PROVIDED MATERIAL Start Marker
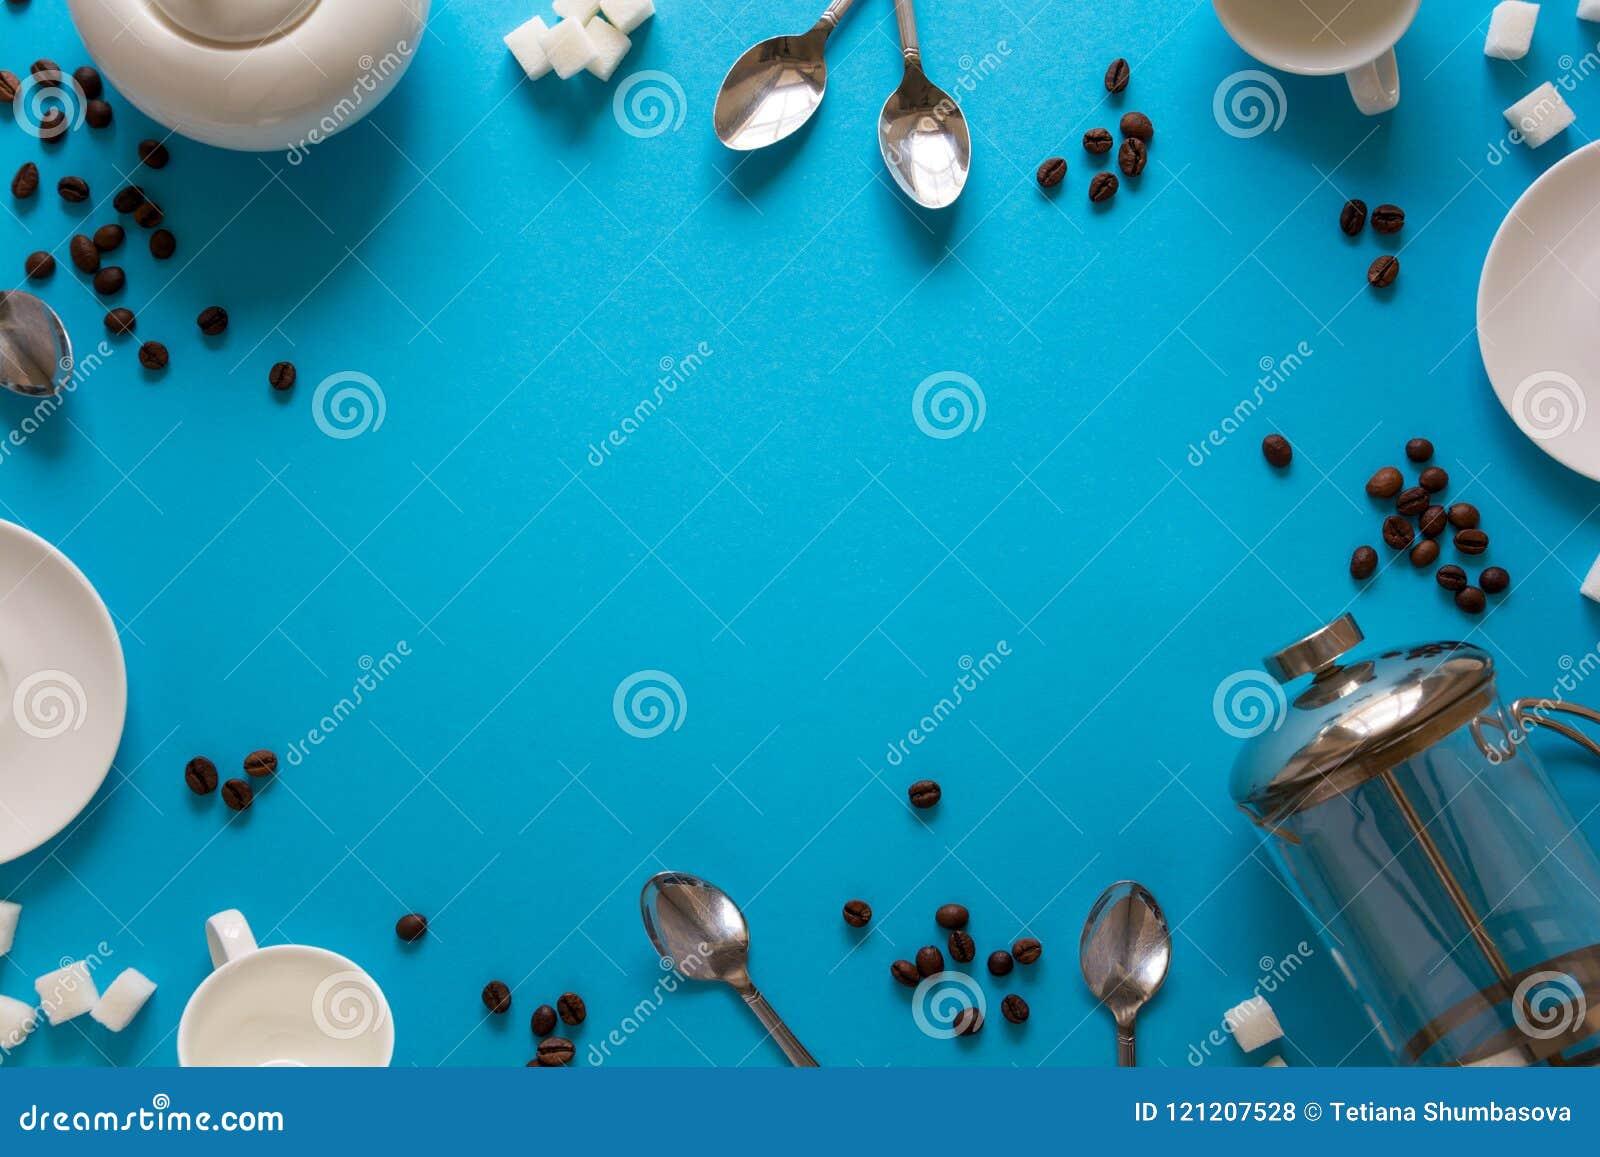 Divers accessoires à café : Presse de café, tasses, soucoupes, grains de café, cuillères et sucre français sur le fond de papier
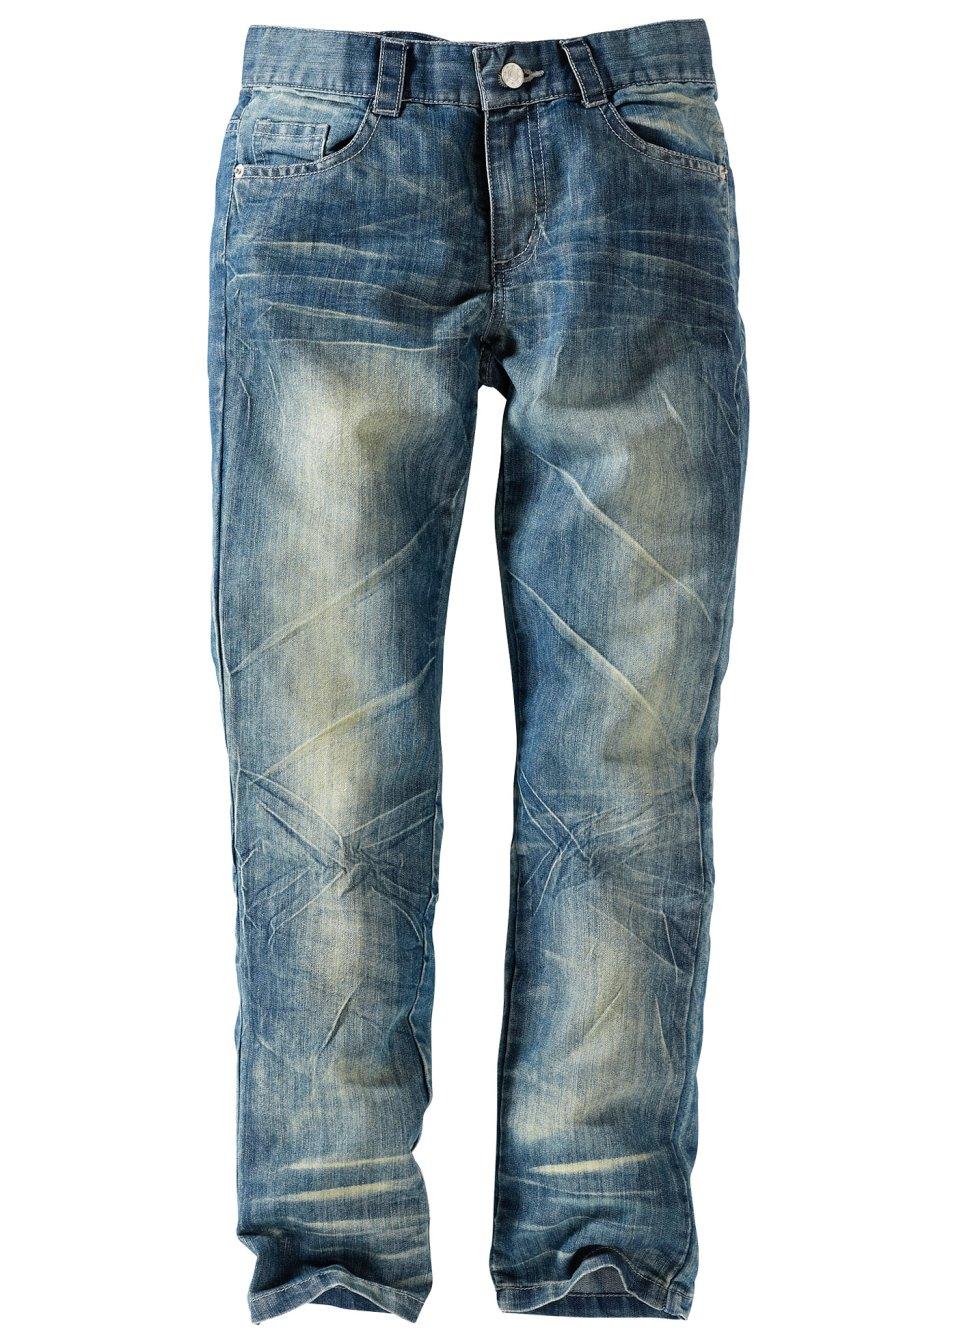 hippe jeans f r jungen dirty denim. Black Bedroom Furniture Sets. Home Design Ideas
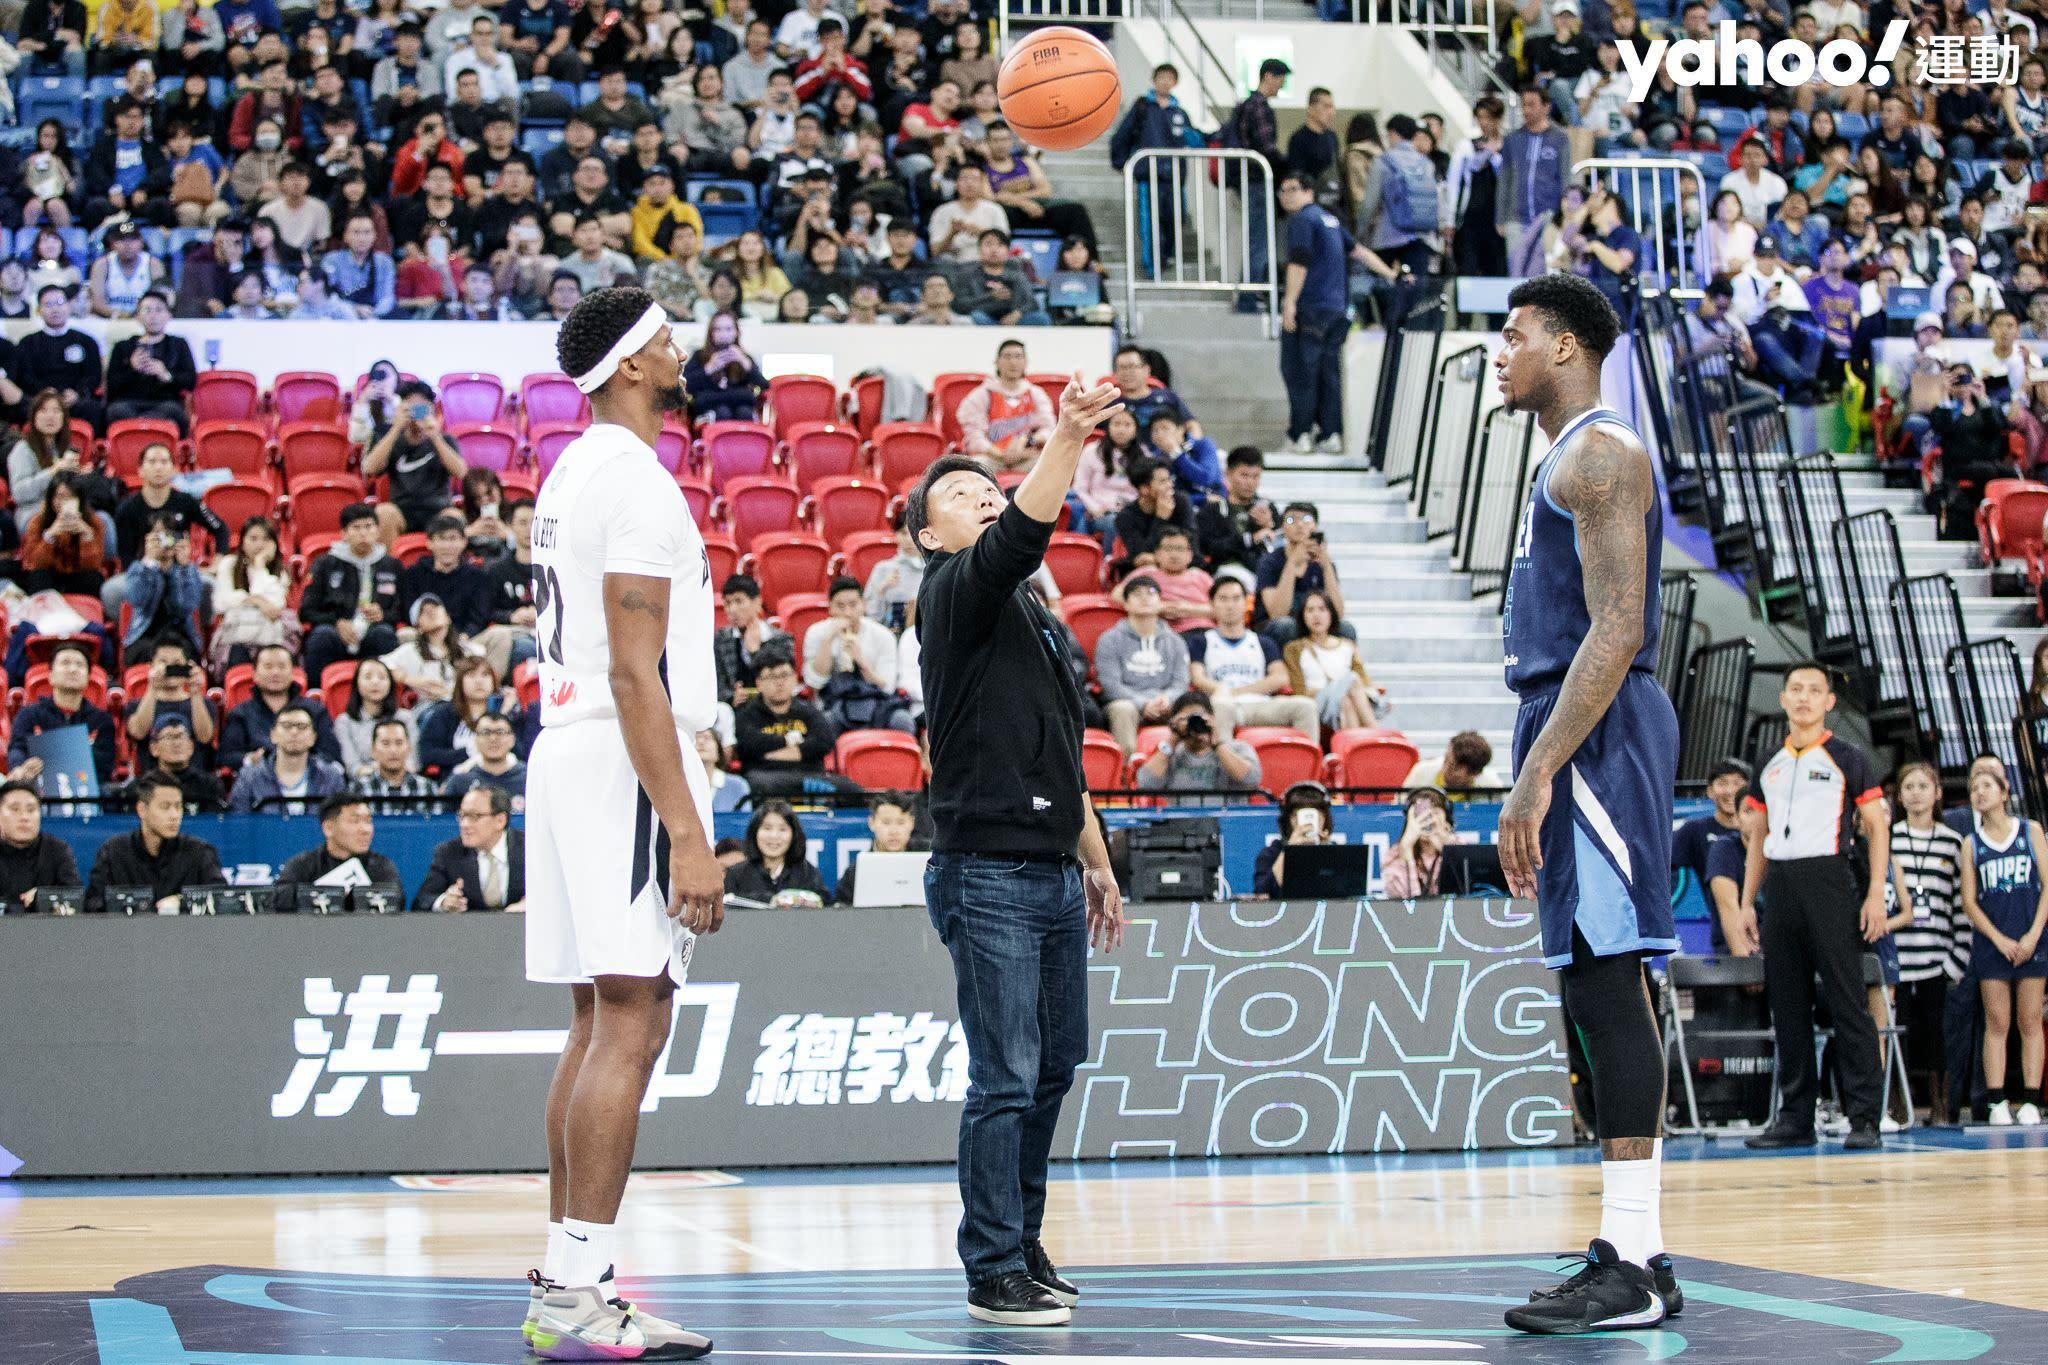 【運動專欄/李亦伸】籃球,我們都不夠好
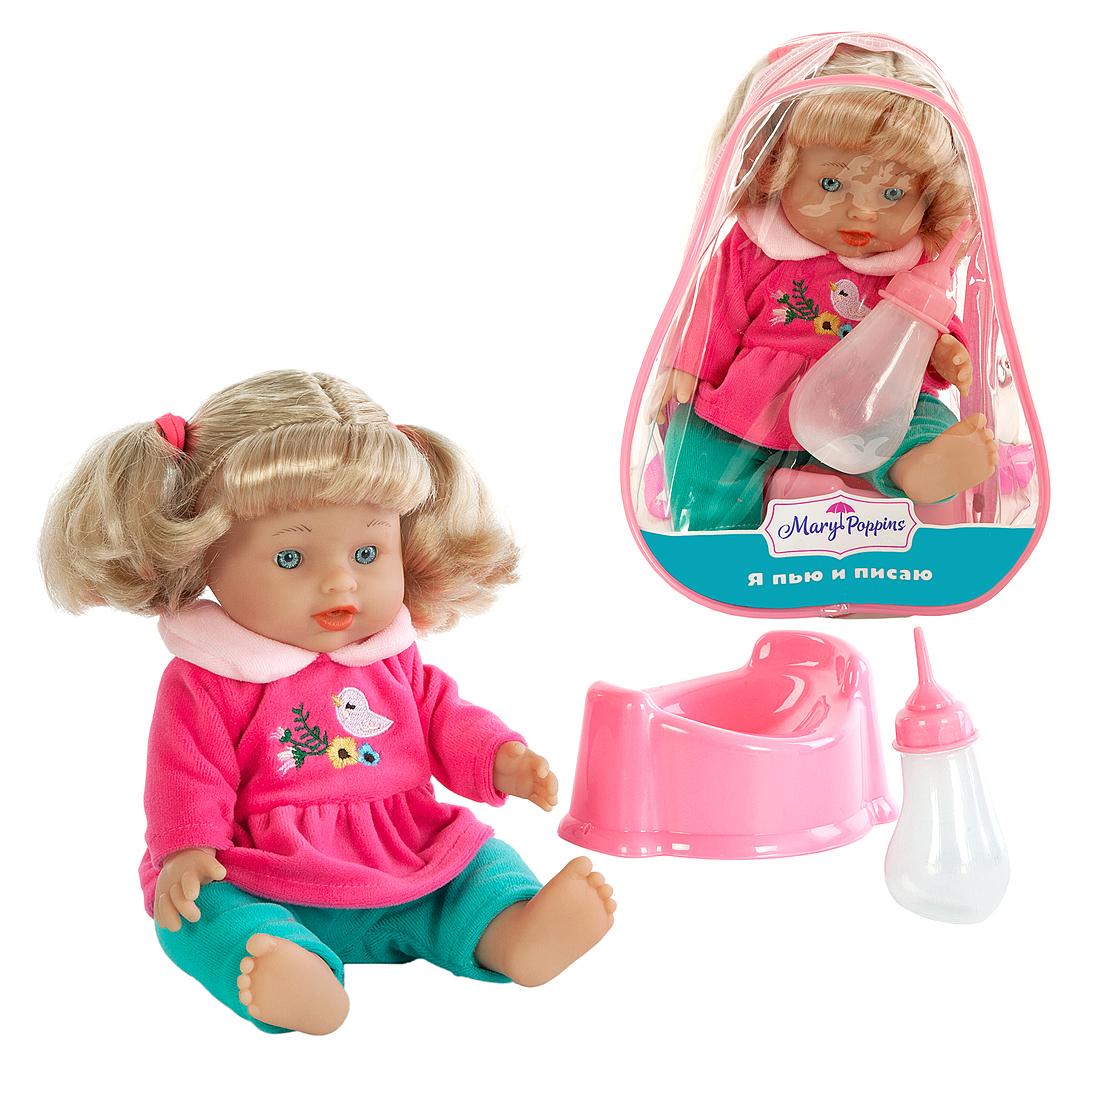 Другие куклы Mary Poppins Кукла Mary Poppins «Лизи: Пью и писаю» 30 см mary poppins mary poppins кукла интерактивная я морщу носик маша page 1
PROVIDED MATERIAL End Marker
- **TASK PROMPT**:
From the line that contains "hippe jeans f" to the last line of the data, print each line exactly, both ends included, and omit the pictures.

- **SOLUTION TO THE EXERCISE**:
 hippe jeans f r jungen dirty denim. Black Bedroom Furniture Sets. Home Design Ideas
 【運動專欄/李亦伸】籃球,我們都不夠好
 Другие куклы Mary Poppins Кукла Mary Poppins «Лизи: Пью и писаю» 30 см mary poppins mary poppins кукла интерактивная я морщу носик маша page 1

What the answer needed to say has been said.